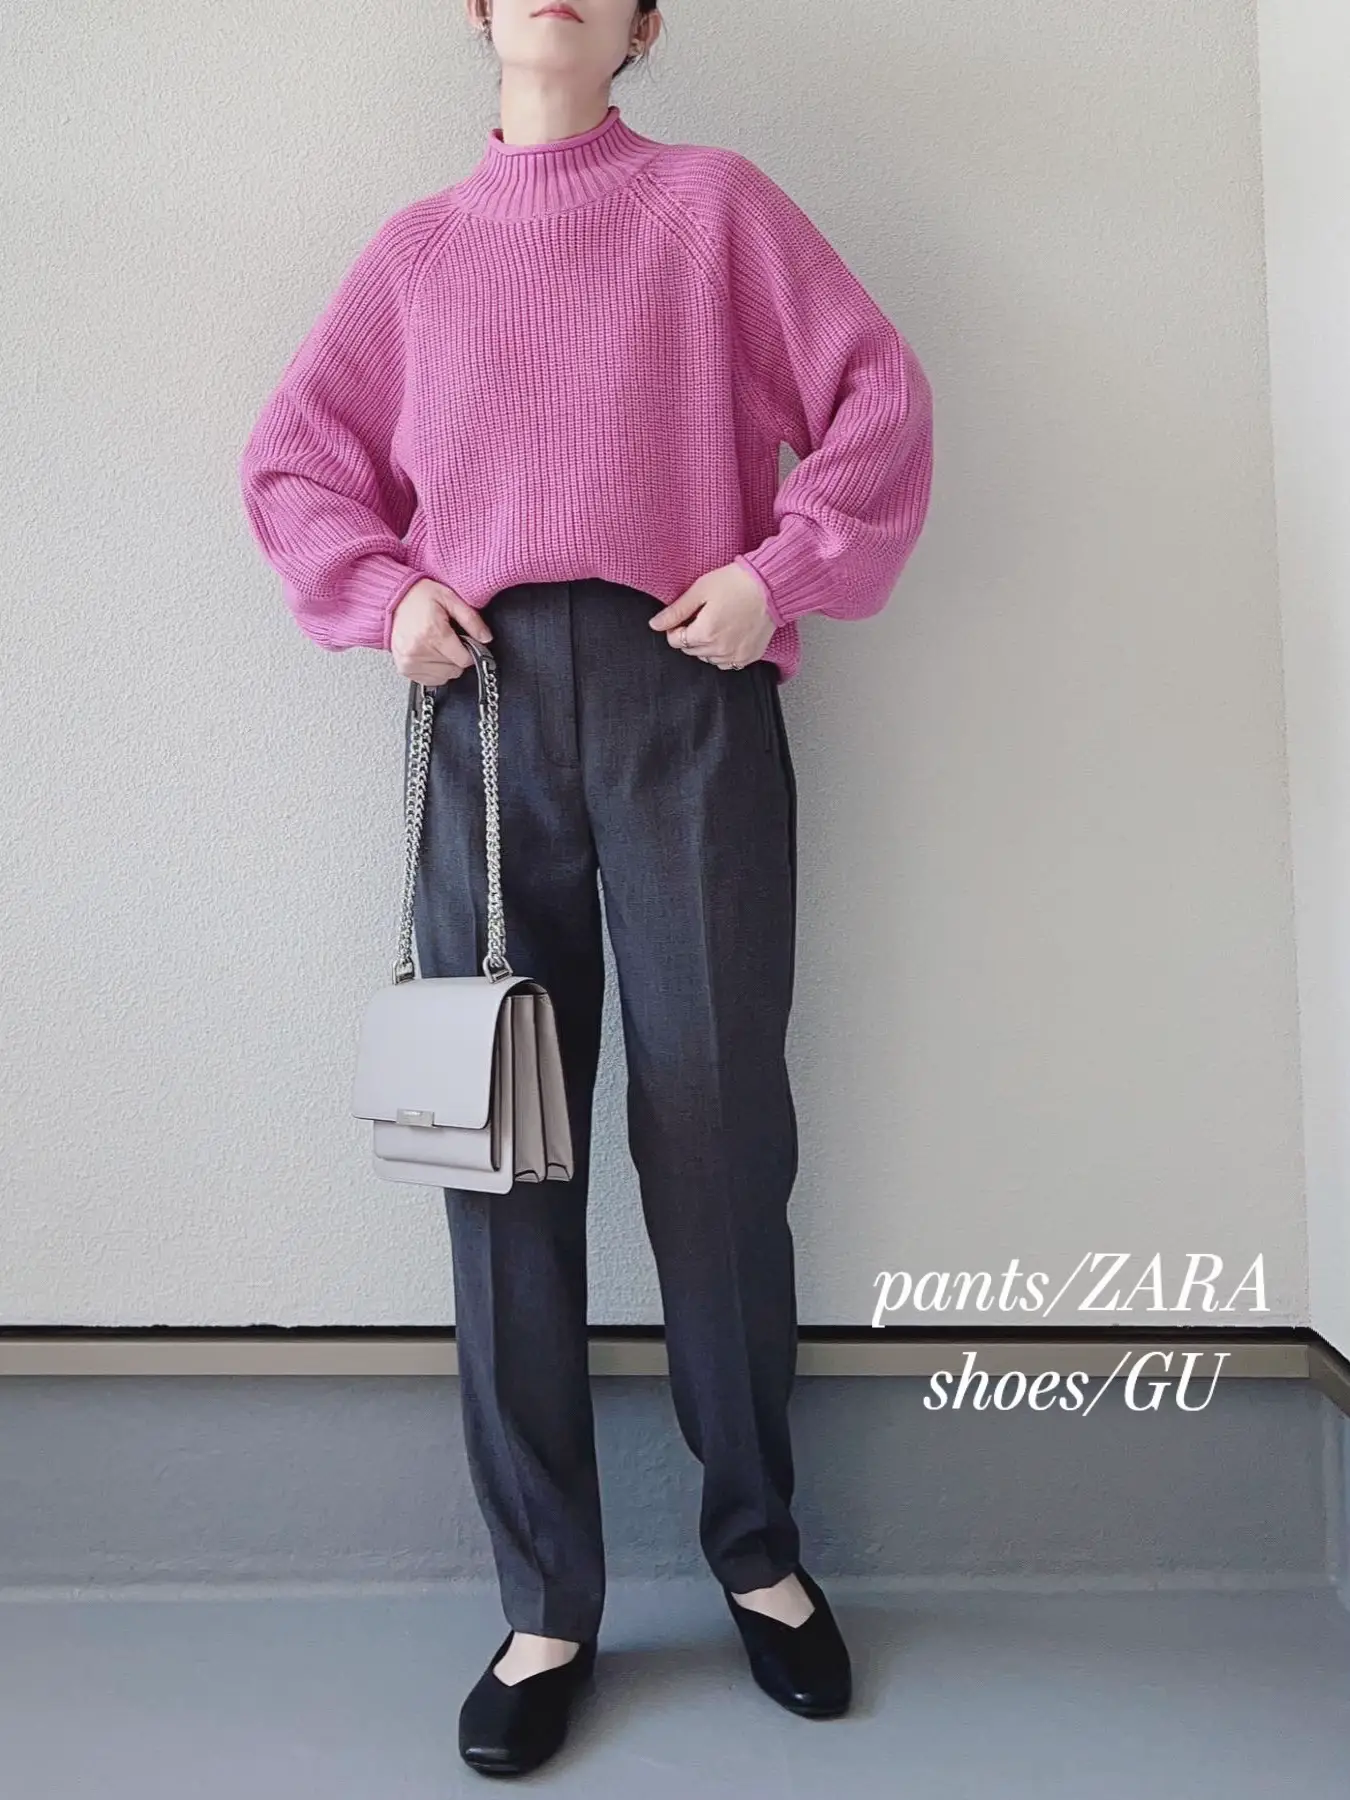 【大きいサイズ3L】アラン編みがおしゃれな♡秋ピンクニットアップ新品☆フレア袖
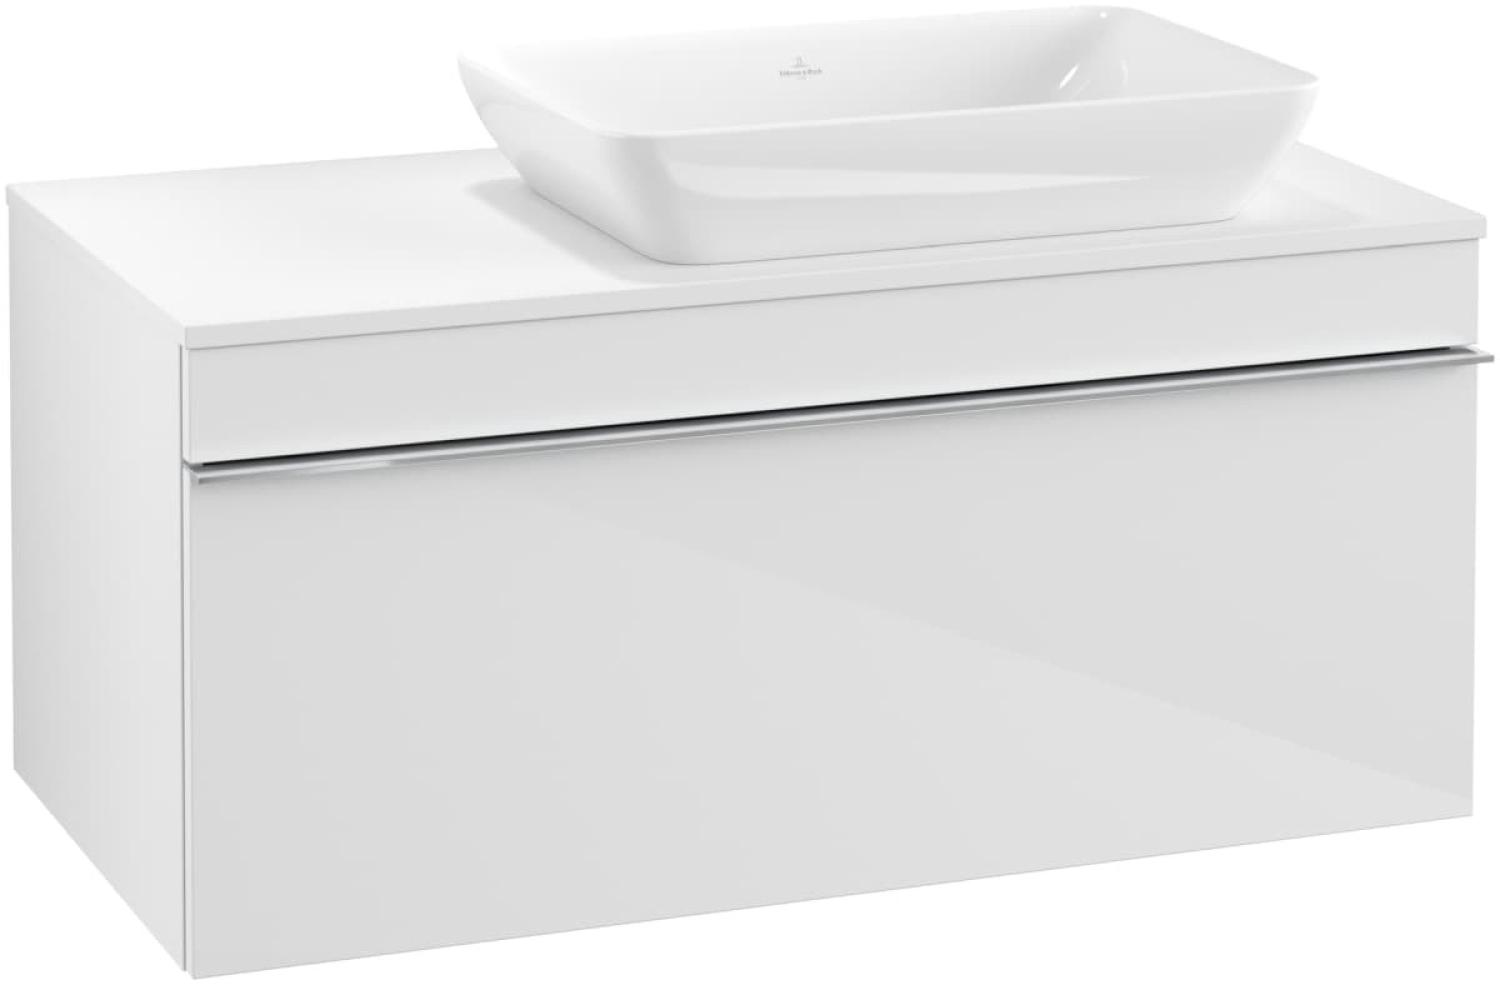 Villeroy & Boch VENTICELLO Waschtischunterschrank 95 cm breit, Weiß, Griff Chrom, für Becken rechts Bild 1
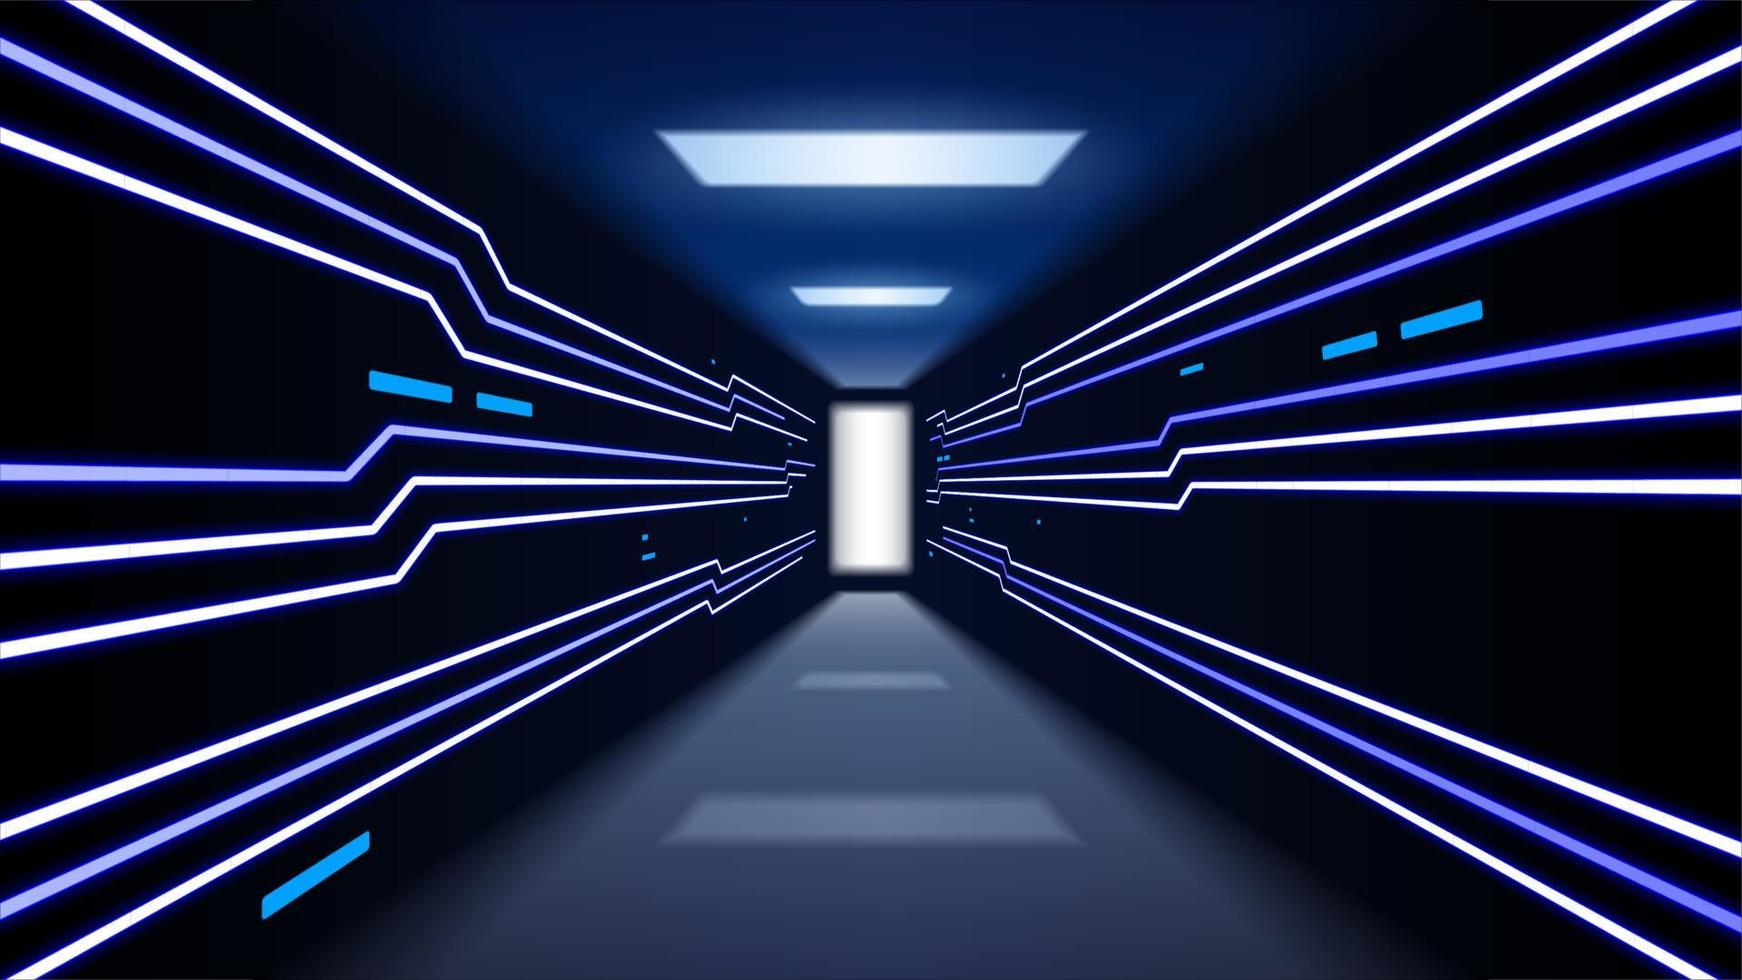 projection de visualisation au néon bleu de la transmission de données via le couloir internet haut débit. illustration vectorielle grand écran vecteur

++++++++++

= What needs to be done =
Word-for-word transcript, pictures excluded: copy all the material above.

= Solution =
 【大きいサイズ3L】アラン編みがおしゃれな♡秋ピンクニットアップ新品☆フレア袖
 Villeroy & Boch VENTICELLO Waschtischunterschrank 95 cm breit, Weiß, Griff Chrom, für Becken rechts Bild 1
 projection de visualisation au néon bleu de la transmission de données via le couloir internet haut débit. illustration vectorielle grand écran vecteur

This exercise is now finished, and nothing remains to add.